CS 70

Using Your Search Tree (and Written Questions)

To round out our assignment, we'll use our TreeStringSet as an actual dictionary of English-language words.

We've provided a source file, minispell.cpp, which uses TreeStringSet to provide a proof-of-concept for a rudimentary spelling checker. It reads in a dictionary file containing English-language words, and then another file of words, and looks up all the words in the second file against the dictionary and reports how many matches it found. This functionality is very rudimentary (it doesn't ignore punctuation, offer corrections, or ignore repeated misspellings), but it's sufficient to exercise much of the functionality of our TreeStringSet-based dictionary.

You aren't required to read over the code for this program, but you can if you like.

Let's Go!

Make Sure that Your Makefile Builds minispell

At the start of the assignment, you had to set up your Makefile to build the minispell program even though it didn't work yet. In this part of the assignment we're going to get it working.

It will help if your Makefile has an OPTFLAGS= variable, as you can then set that variable from the command-line to easily have make build everything with optimization, as, for example,

make clean
make OPTFLAGS="-O3 -flto" LDFLAGS="-flto" minispell

Run minispell

If you run the program with the --help argument, it will produce a usage message:

> ./minispell --help
Usage: ./minispell [options] [file-to-check ...]
Options:
  -h, --help             Print this message and exit.
  -f, --file-order       Insert words in the order they appear (default).
  -s, --shuffled-order   Insert words in a random order.
  -b, --balanced-order   Insert words in a balanced order
  -n, --num-dict-words   Number of words to read from the dictionary.
  -m, --num-check-words  Number of words to check for spelling.
  -d, --dict-file        Use a different dictionary file.

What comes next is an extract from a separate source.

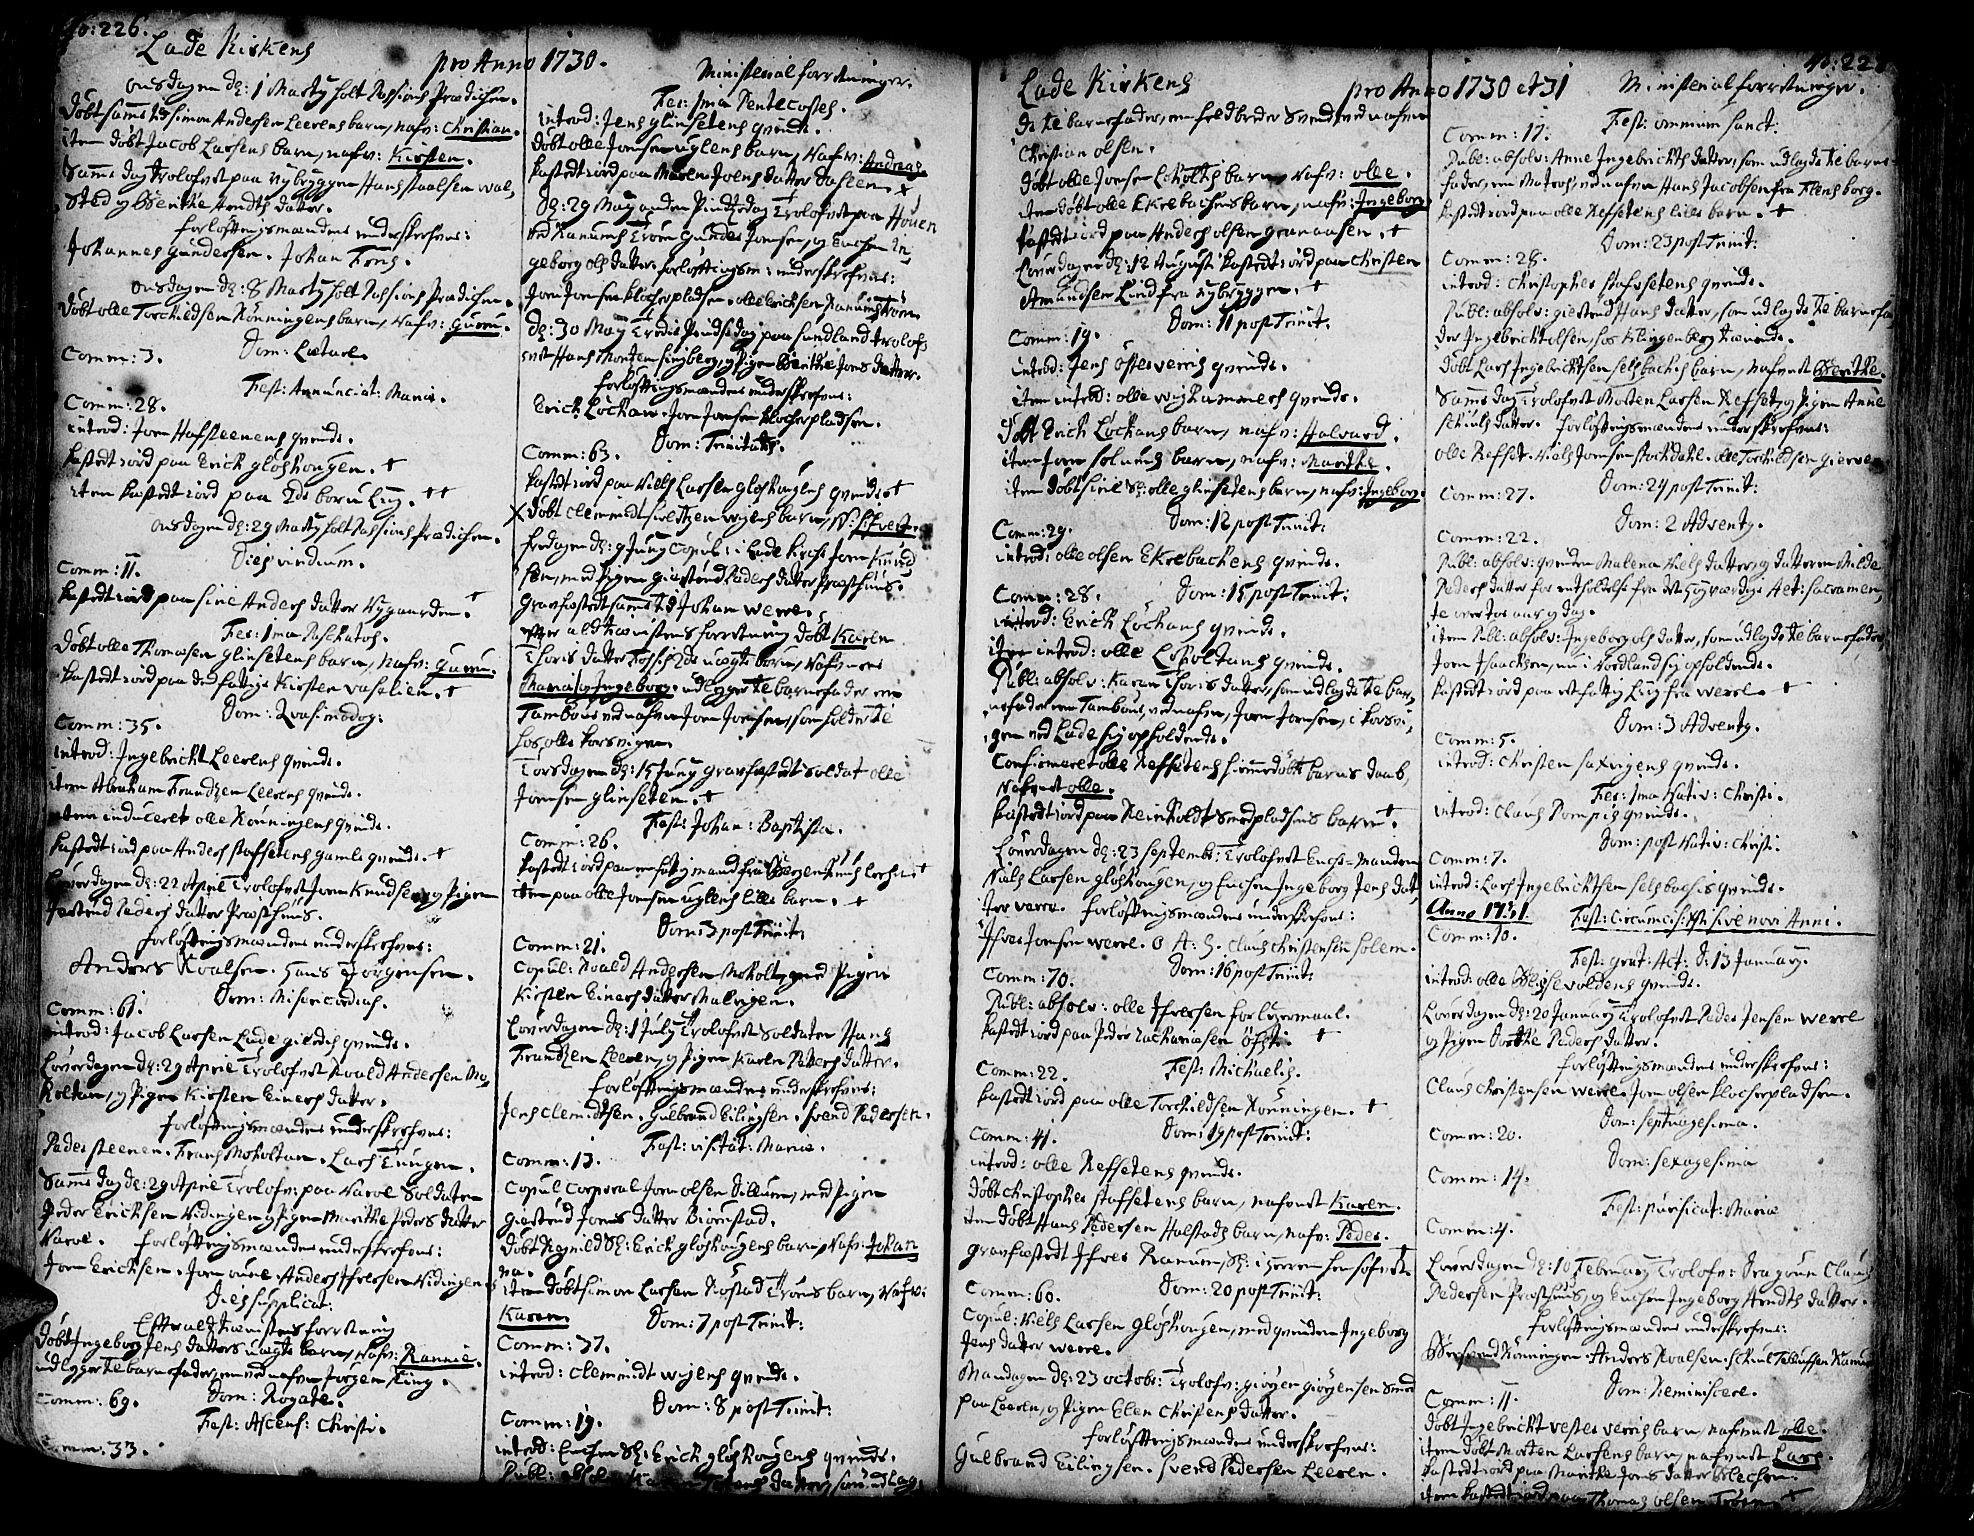 SAT, Ministerialprotokoller, klokkerbøker og fødselsregistre - Sør-Trøndelag, 606/L0275: Ministerialbok nr. 606A01 /1, 1727-1780, s. 226-227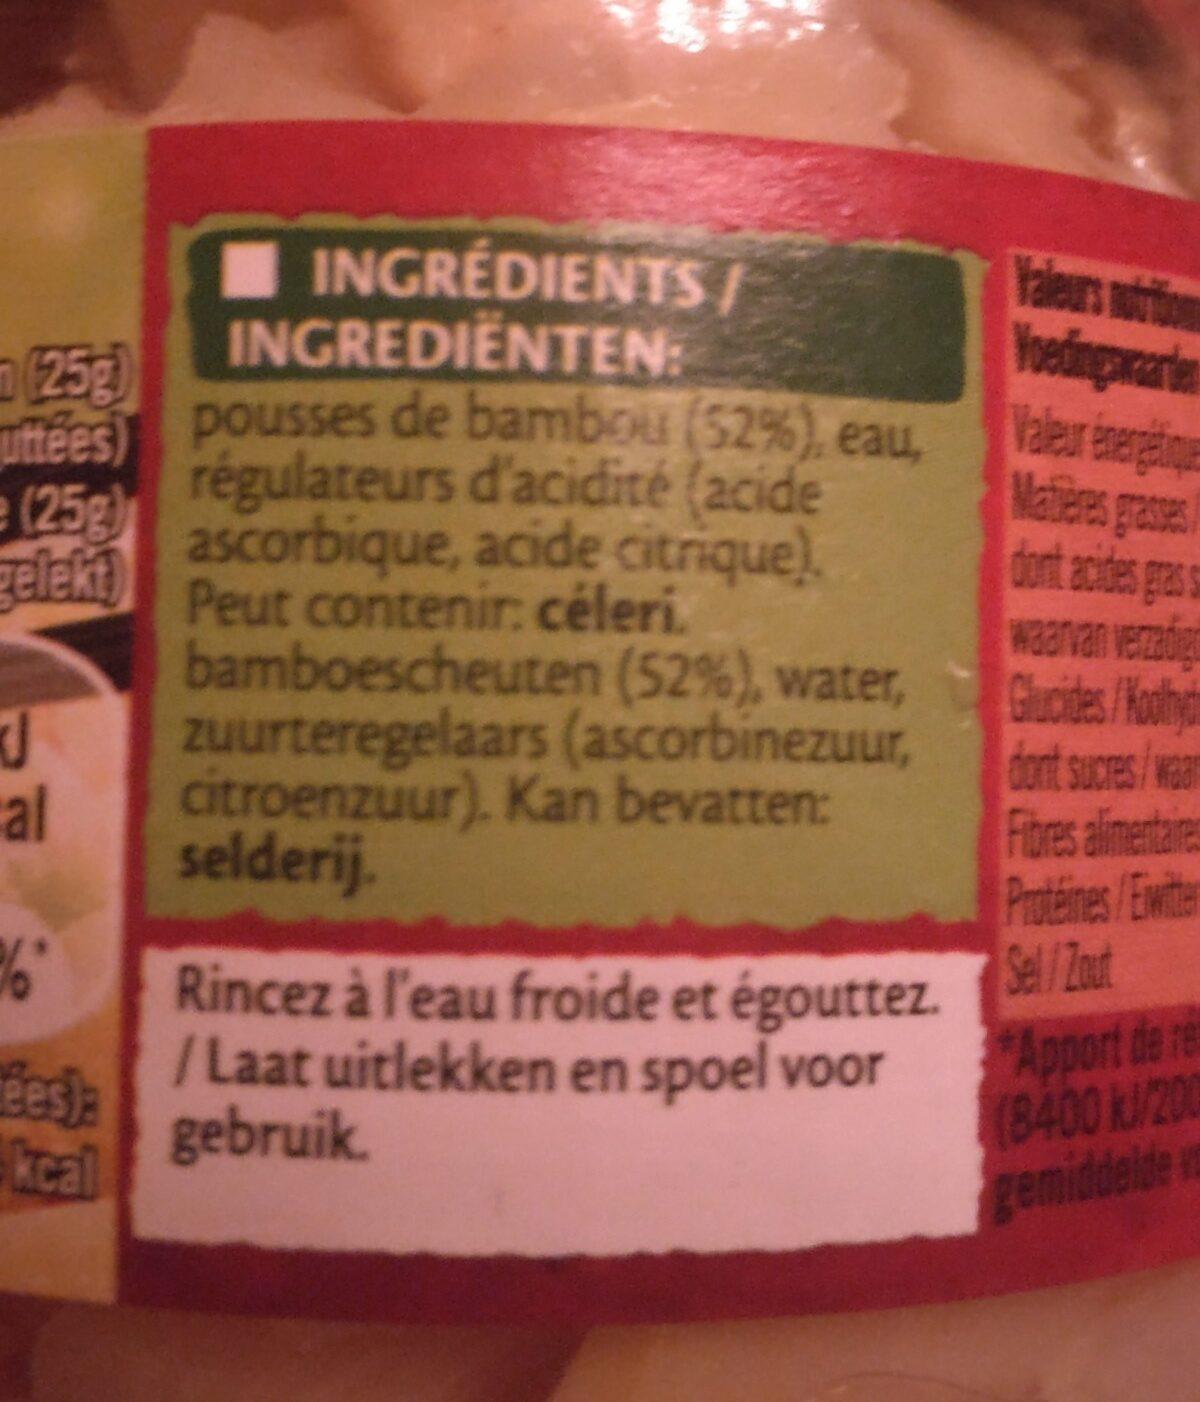 Pousses de bambou - Ingredients

Default dictionary file: /cs70/data/smalldict.words
Default file to check:   /cs70/data/ispell.words
> ./minispell
Reading words from /cs70/data/smalldict.words... done!
Inserting into dictionary (in order read)... done!
 - insertion took 0.00075025 seconds
 - 341 nodes, height 340, average depth 170
 - median word in dictionary: 'long'

Reading words from /cs70/data/ispell.words... done!
Looking up these words in the dictionary... done!
 - looking up took 0.0177939 seconds
 - 34831 words read, 325 in dictionary

Exploration

The file smalldict.words contains the dictionary words in alphabetical order, which might seem convenient, but that ordering turns out to be problematic for our tree class.

Look at what changes when you run

  • minispell -s, which reads the same words, but shuffles them into a random order before inserting them into the tree.
  • minispell -b, which reads the same words, but figures out an insertion order that will create a very well-balanced tree.

Next, rerun minispell -s several times. See what changes between runs—pay particular attention to the height of the tree and the average depth.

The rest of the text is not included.